The findings reinforce the value of comprehensive invasive coronary function testing rather than a single-mechanism approach in patients with persistent ischemic symptoms despite nonobstructive epicardial coronary anatomy.
Clinical background and unmet need
ANOCA is increasingly recognized as a major clinical syndrome rather than a reassuring angiographic label. Many patients with exertional or rest angina, ischemia on testing, or both are found to have no flow-limiting epicardial stenosis at angiography. Yet symptoms, recurrent emergency visits, impaired quality of life, and downstream healthcare utilization often remain substantial. Historically, such patients were frequently categorized as having “normal coronaries,” but contemporary work has shown that coronary vasomotor dysfunction, microvascular dysfunction, endothelial dysfunction, and myocardial bridging may all contribute to ischemic symptoms.
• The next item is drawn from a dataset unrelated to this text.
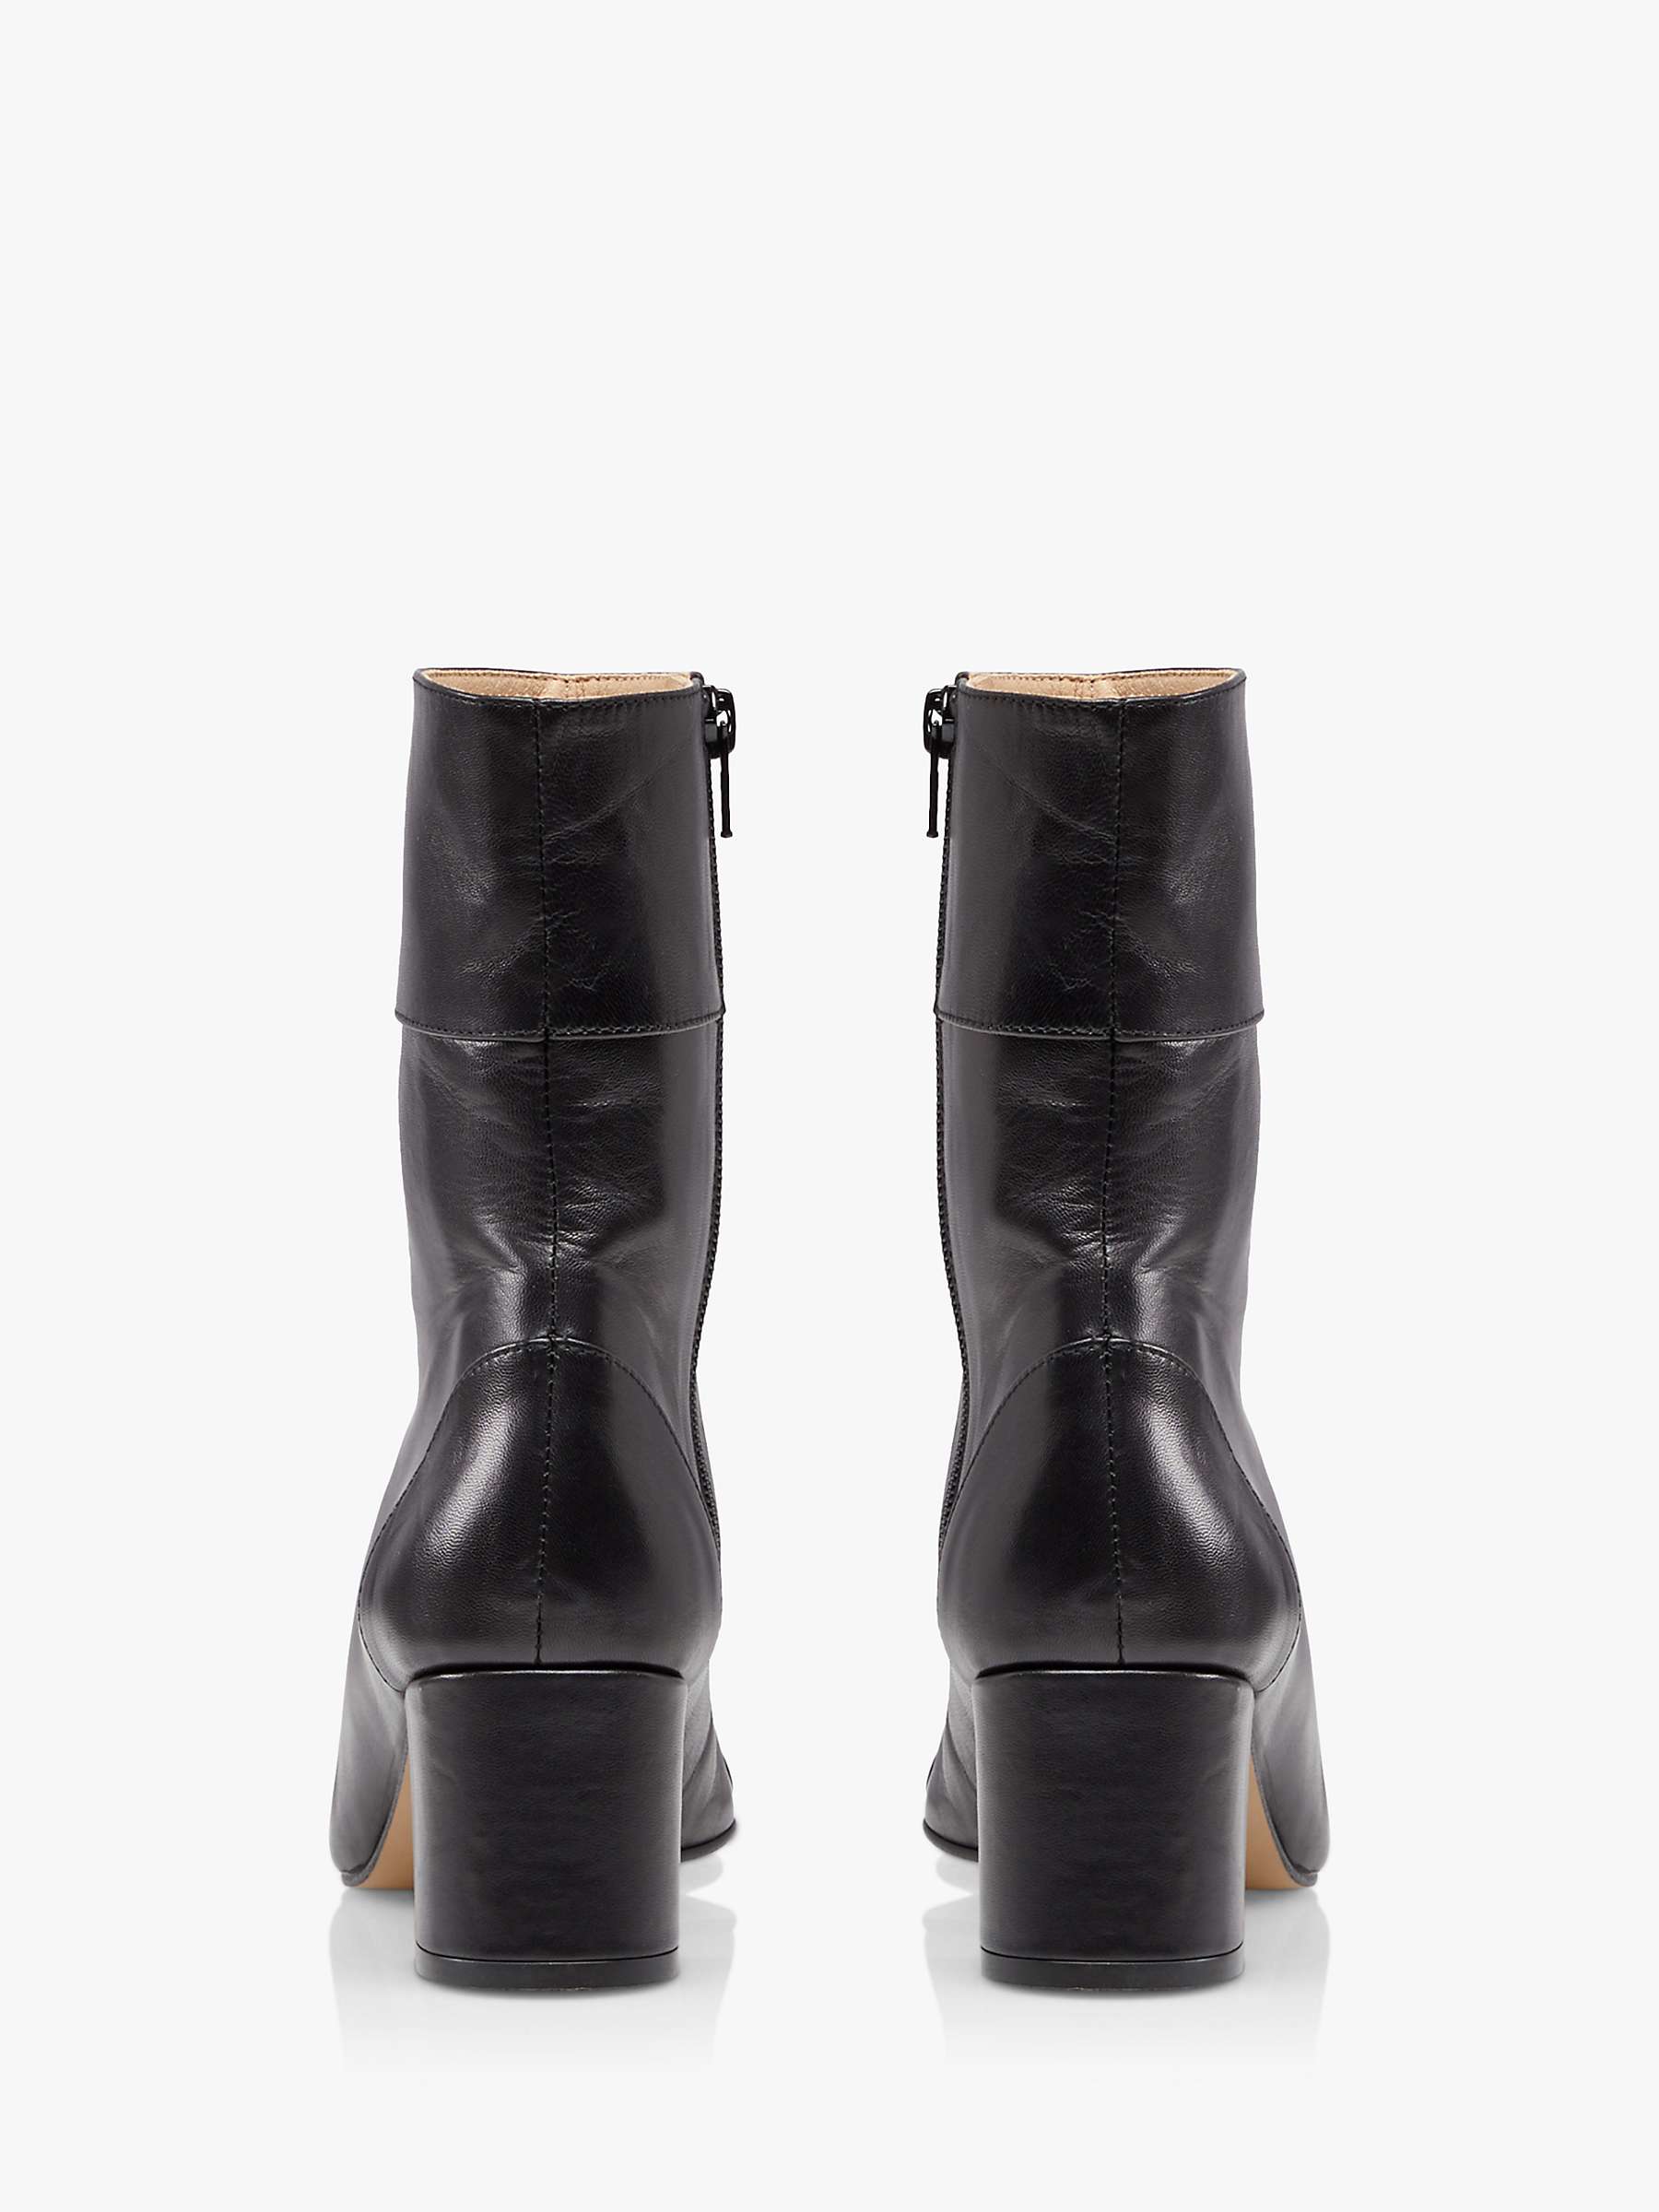 Dune Onyx Leather Ankle Boots, Black at John Lewis & Partners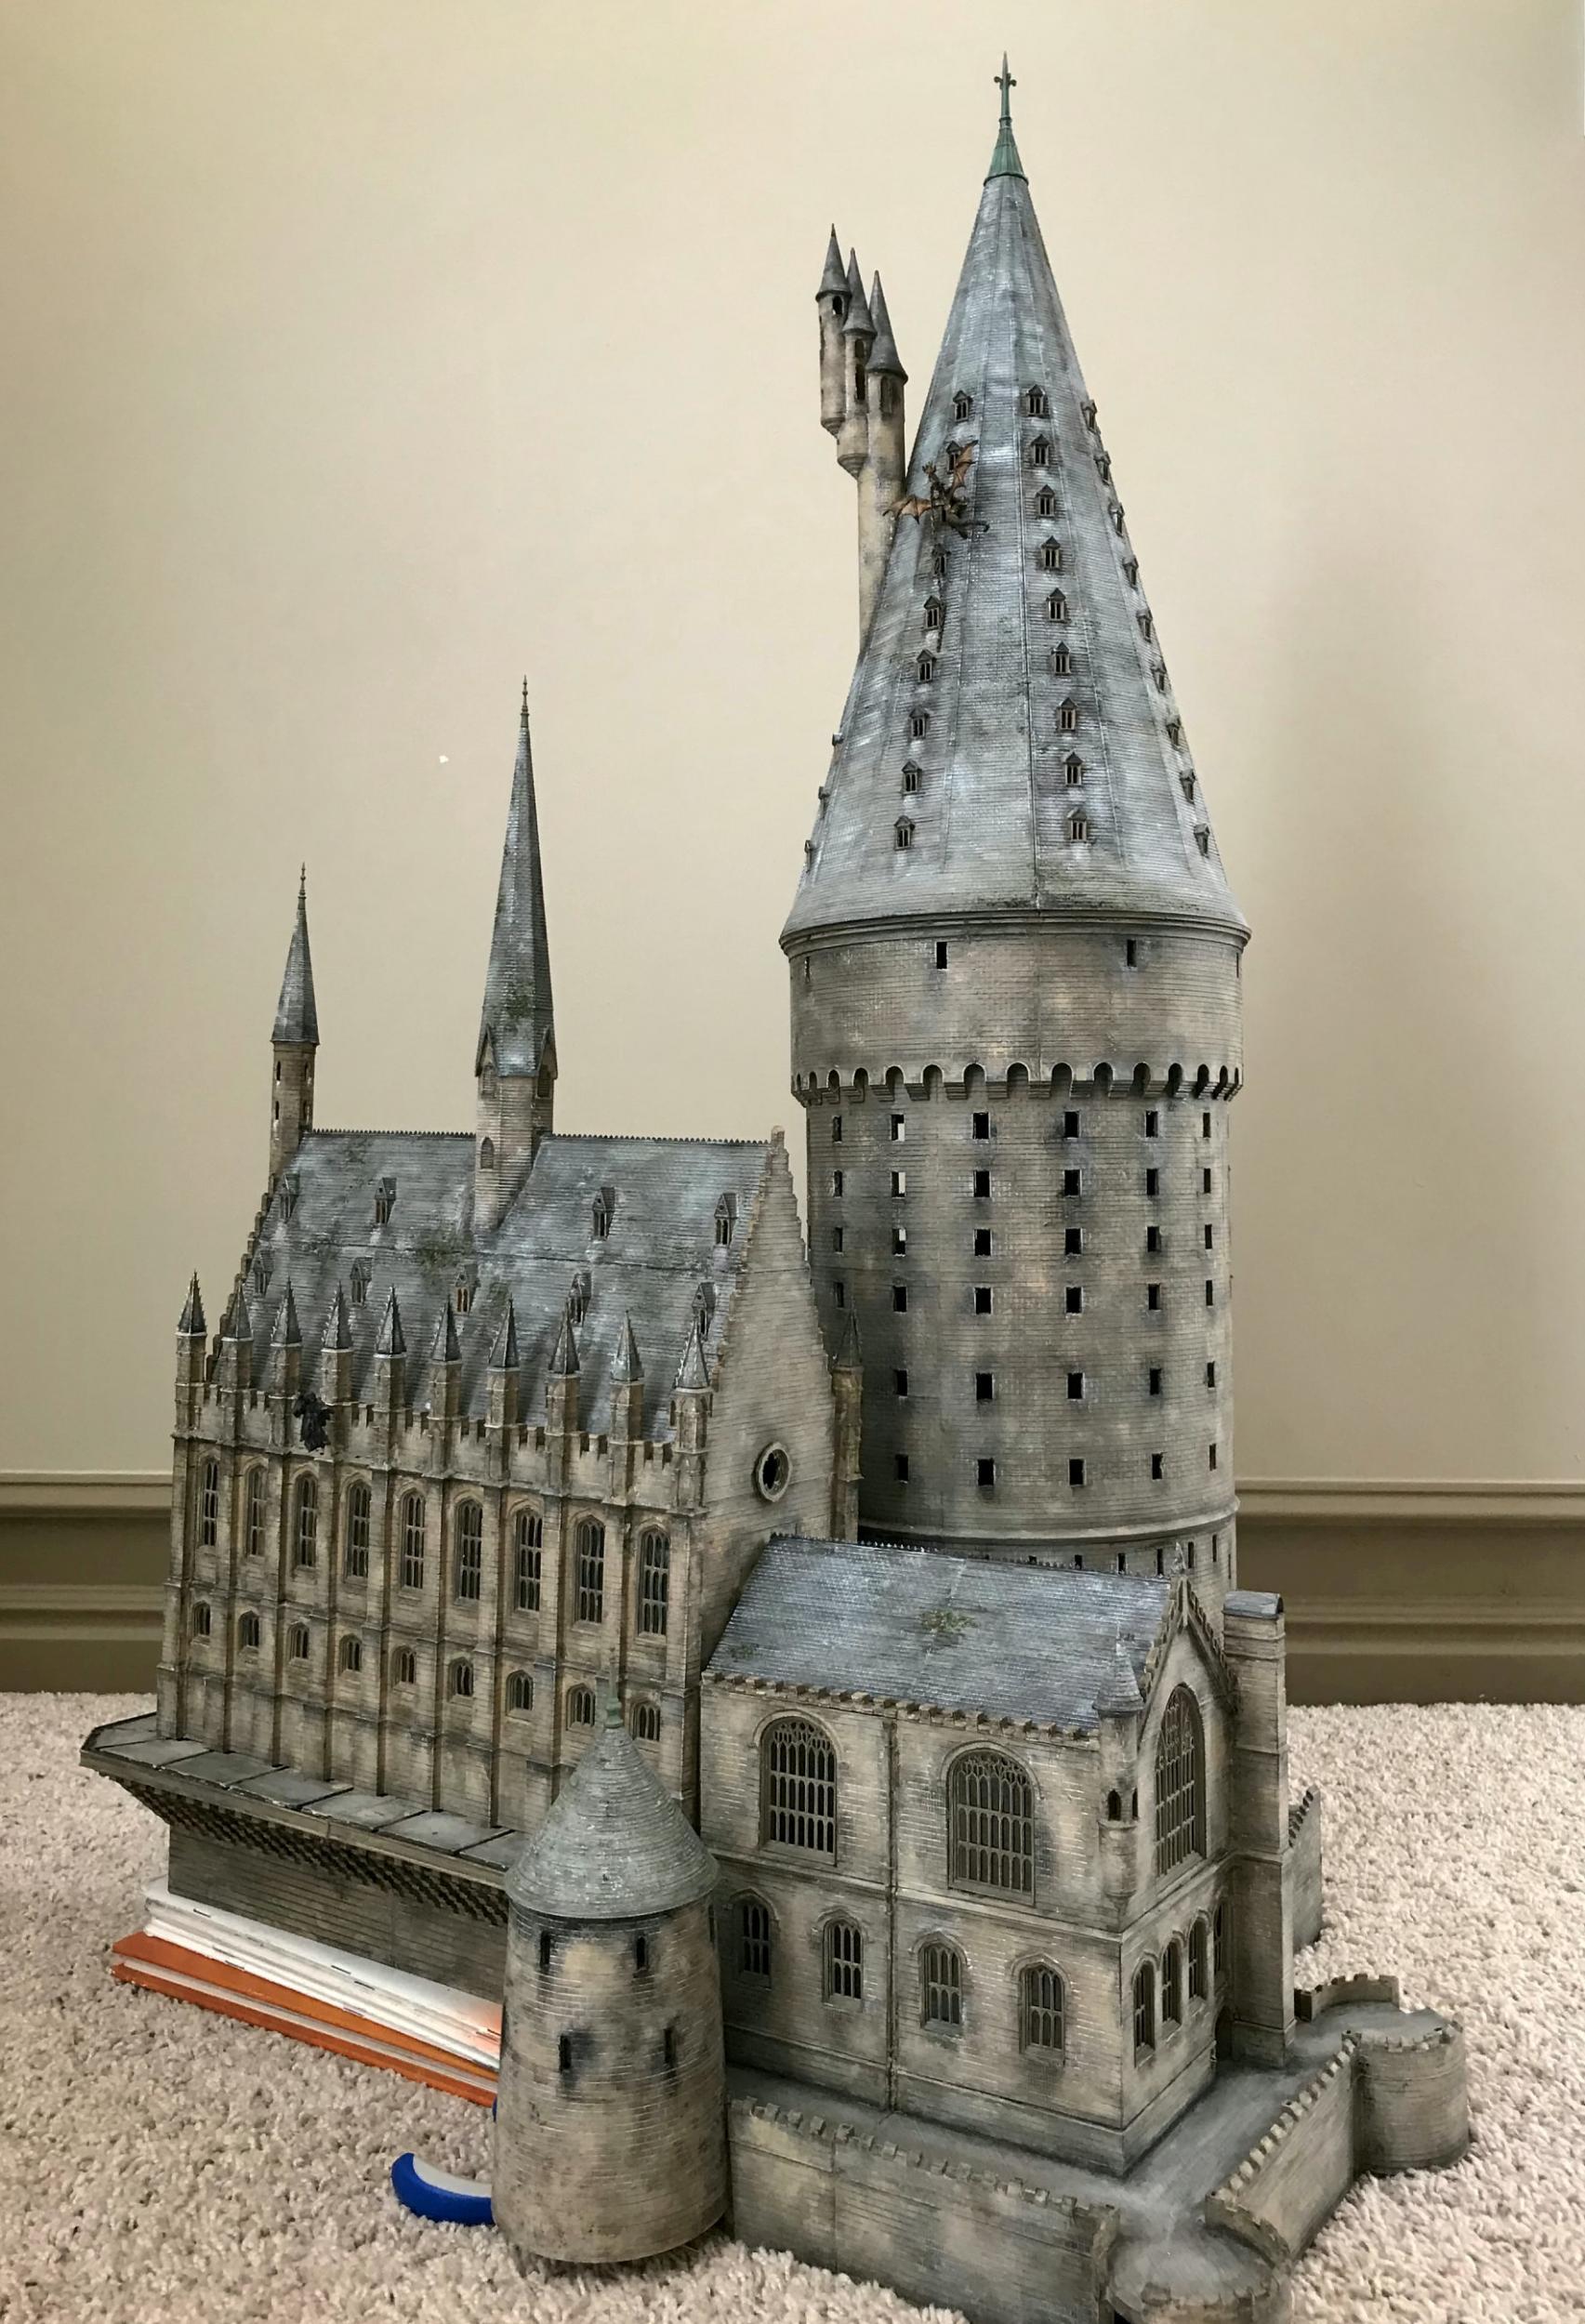 The castle is being built partly with a 3-D printer (SWNS)

The challenge in practice is that these mechanisms often overlap. A patient may have acetylcholine-provoked spasm, impaired adenosine-mediated microvascular reserve, and a functionally important myocardial bridge at the same time. However, the extent to which this overlap translates into worse patient-reported angina has not been well quantified. That question matters because symptom burden is one of the most clinically meaningful outcomes in ANOCA, often driving medication escalation, repeat testing, and quality-of-life impairment.
Coronary function testing (CFT) provides a mechanistic framework for ANOCA. Endothelium-dependent abnormalities are typically probed with acetylcholine provocation to identify epicardial or microvascular spasm and endothelial dysfunction. Endothelium-independent abnormalities are commonly assessed using adenosine-based physiology, including impaired coronary flow reserve or elevated microvascular resistance, which suggest coronary microvascular dysfunction. In selected patients, intravascular imaging and hemodynamic assessment can also identify functionally significant myocardial bridging, another underappreciated cause of ischemia and angina.
The study by Wong and colleagues addresses a practical and clinically important issue: whether the number of abnormal endotypes identified during comprehensive CFT correlates with the severity of angina symptoms.
Study design and methods
This was a cross-sectional observational study conducted at Stanford Hospital, including patients with suspected ANOCA who underwent comprehensive invasive CFT between August 2007 and February 2025. Data analysis occurred from March 2025 through May 2025. The study population comprised 485 patients with a mean age of 52 years; 73% were women, consistent with prior ANOCA cohorts in which women are disproportionately represented.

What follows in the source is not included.